In modern processor systems many wide interconnect buses are used to connect between chips, modules, cards, and boards. As the number of interconnects increase, it grows increasingly important to be able to quickly and easily test the continuity of each connection, whether any signals are shorted the other signals, and to dynamically test (at operational speeds) the functionality of the bus and the entire interconnects system.

There is, therefore, a need for a method and circuitry to detect bus bit errors and to correct single bit failures without resorting to outside intervention such as service calls or machine stoppage.

SUMMARY OF THE INVENTION

Communication buses between a driver chip and a receiving chip have a 2-way self-heal multiplexer (MUX) before each of the bit line drivers and after each of bit line receivers. The 2-way MUX on each data bit N couples the data for bit N to driver N or driver N+1 depending on the state of self-heal control signals from a driver self-heal control register. The 2-way MUX on each data bit N on the receiver directs a received bit N to either receive data path N or path N−1, in reverse order of the driver, depending on the state of self-heal control signals from a receiver self-heal control register. A driver self-test data shift register generates the self-test data for the drivers during test of the bus. The self-test driver shift register is serially loaded with a desired test pattern and the data is coupled in parallel to the line drivers. On the receiver side, a receiver expected data shift register is loaded with the same test pattern as “expected data.” The actual received data from the driver self-test data shift register is compared with the expected data in the receiver in receiver comparator circuitry on a per-bit basis. Each time there is a per-bit comparison failure, a logic one is stored in that bit location in the receiver bit error register. After test completion, the bit error register is loaded into the expected data shift register. The error data is shifted out of the expected data shift register and a total bit error counter is incremented by one each time a logic one is serially read-out of the receiver bit error register. The total bit error counter, after read-out of the receiver bit error register will contain a count K and K will be either zero, greater than one, or equal to one. If K is equal to one, then the bit path causing the failure is correctable give the capability to heal a single bit.

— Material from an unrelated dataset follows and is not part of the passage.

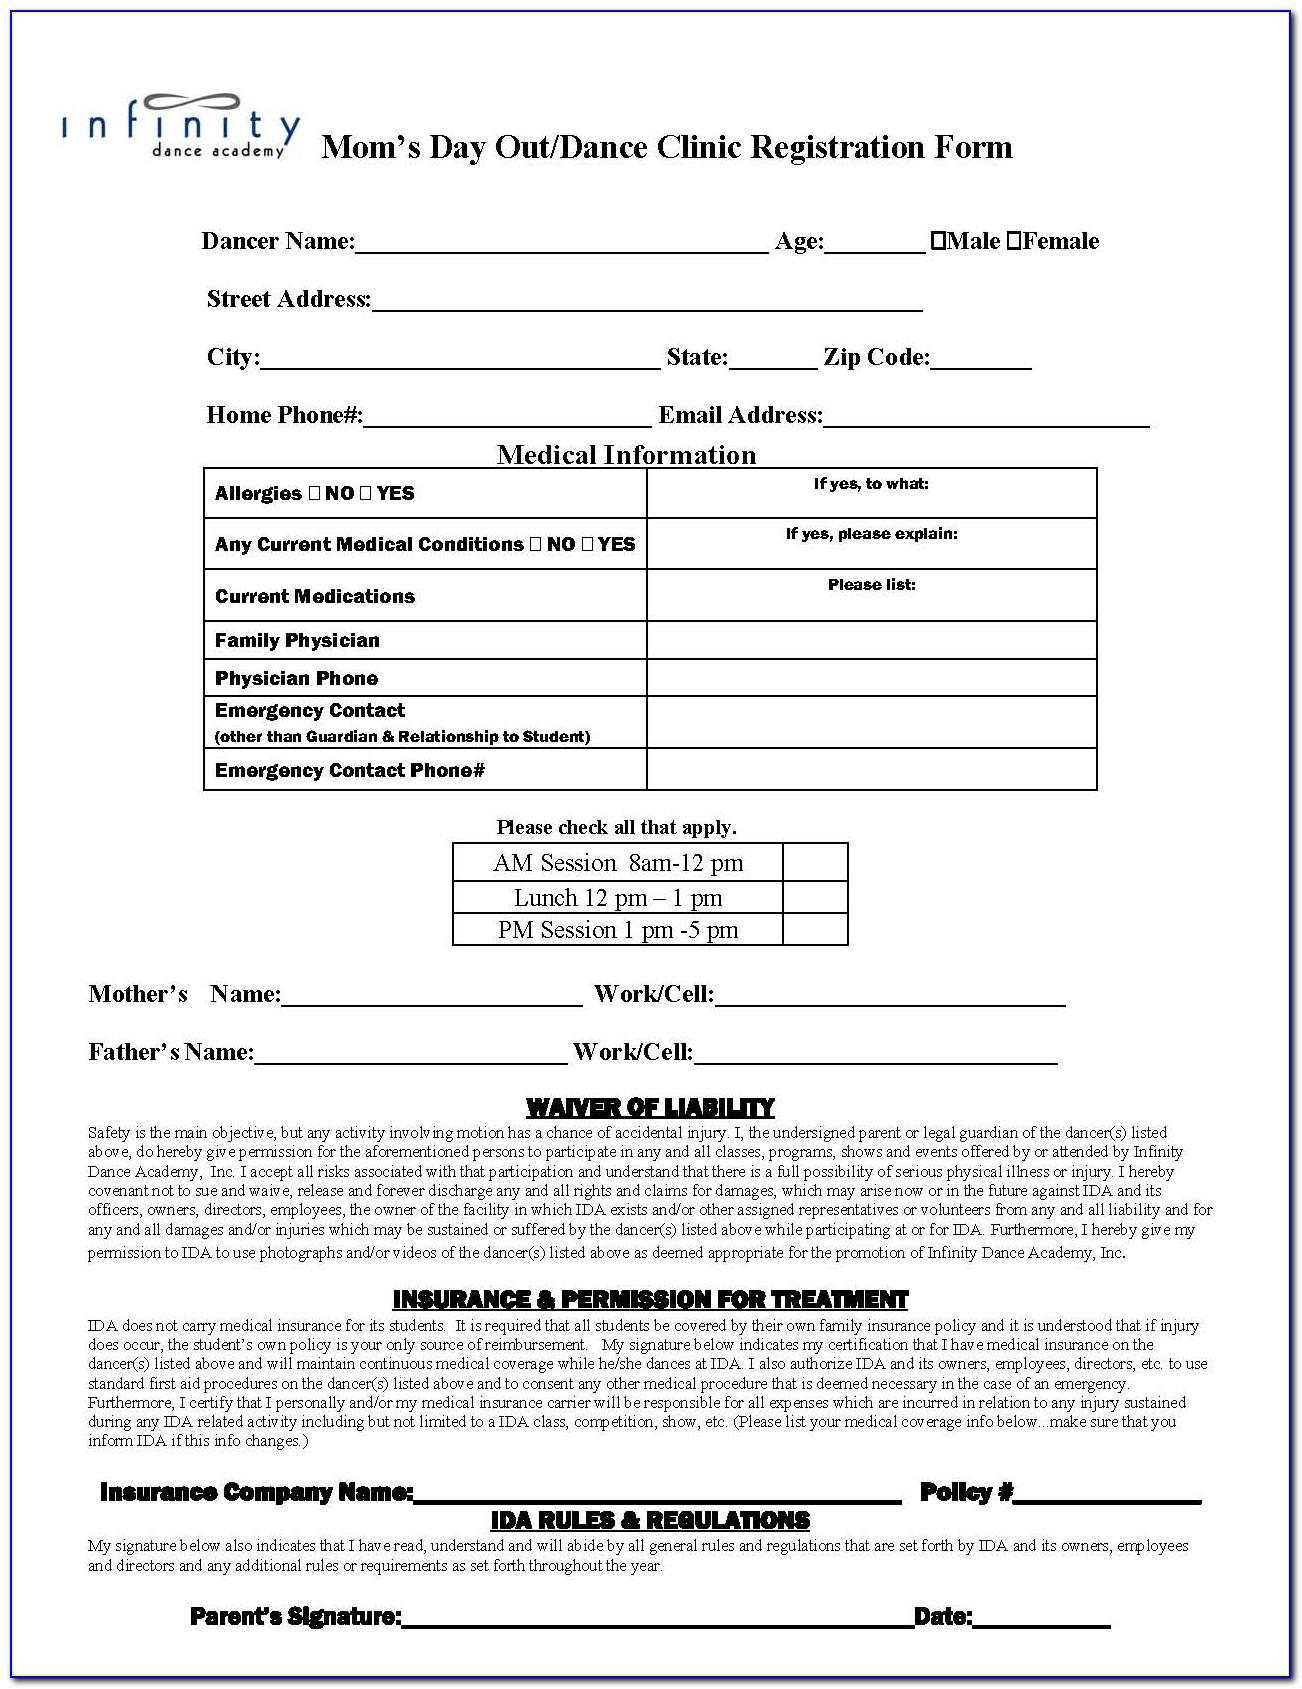 Dance Competition Registration Form Template

A error position counter is loaded with the total number of bits M in the data path. If K is equal to one, the receiver bit error register contains a logic one in the position corresponding to the failed bit path. When the error data in the expected data shift register is read-out, the error position counter is decremented by one and the value of the error position counter is latched into an error position register on each logic one read-out. At the end of the read-out, the error position register contains the position of the first error bit, and in the case K is equal to one, the location of the correctable single bit failure. To prepare to load the self-heal control registers, the value of the position latch is then loaded into the position counter and is used to shift a logic one into the error bit position in the expected data shift register on the receiver side and into the driver self-test shift register on the driver side.

The driver self-test shift register is then parallel loaded into the driver self-heal control register. The self-heal control register latches (driver and receiver) are daisy chained such that the logic one in failed bit N is shifted away (N to N+1, N+1 to N+2, etc.) towards the spare bit (M) which is at the end of the chain. If a logic zero selects the normal path for a data bit, then bit 0 through bit N−1 of the driver self-heal control register remain a logic zero, and bit (N+1) through bit M are set to a logic one. The data for bit N (failed bit) coupled through path N+1, N+1 through N+2, and bit M−1 to spare bit M.

The data from the error position counter on the receiver side is used to shift a logic one into the receiver expected data shift register at the error bit position, and then expected data shift register is parallel loaded into the receiver self-heal control register. The receiver self-heal control register generates the receiver self-heal control signals that select the 2-way MUXes after the receivers in a reverse order (relative to the driver side) to re-align the data from the spare data path. Data from spare path M is shifted to path M−1, M−1 is shifted to M−2, . . . , until bit N+1 is shifted back to path N (failed path).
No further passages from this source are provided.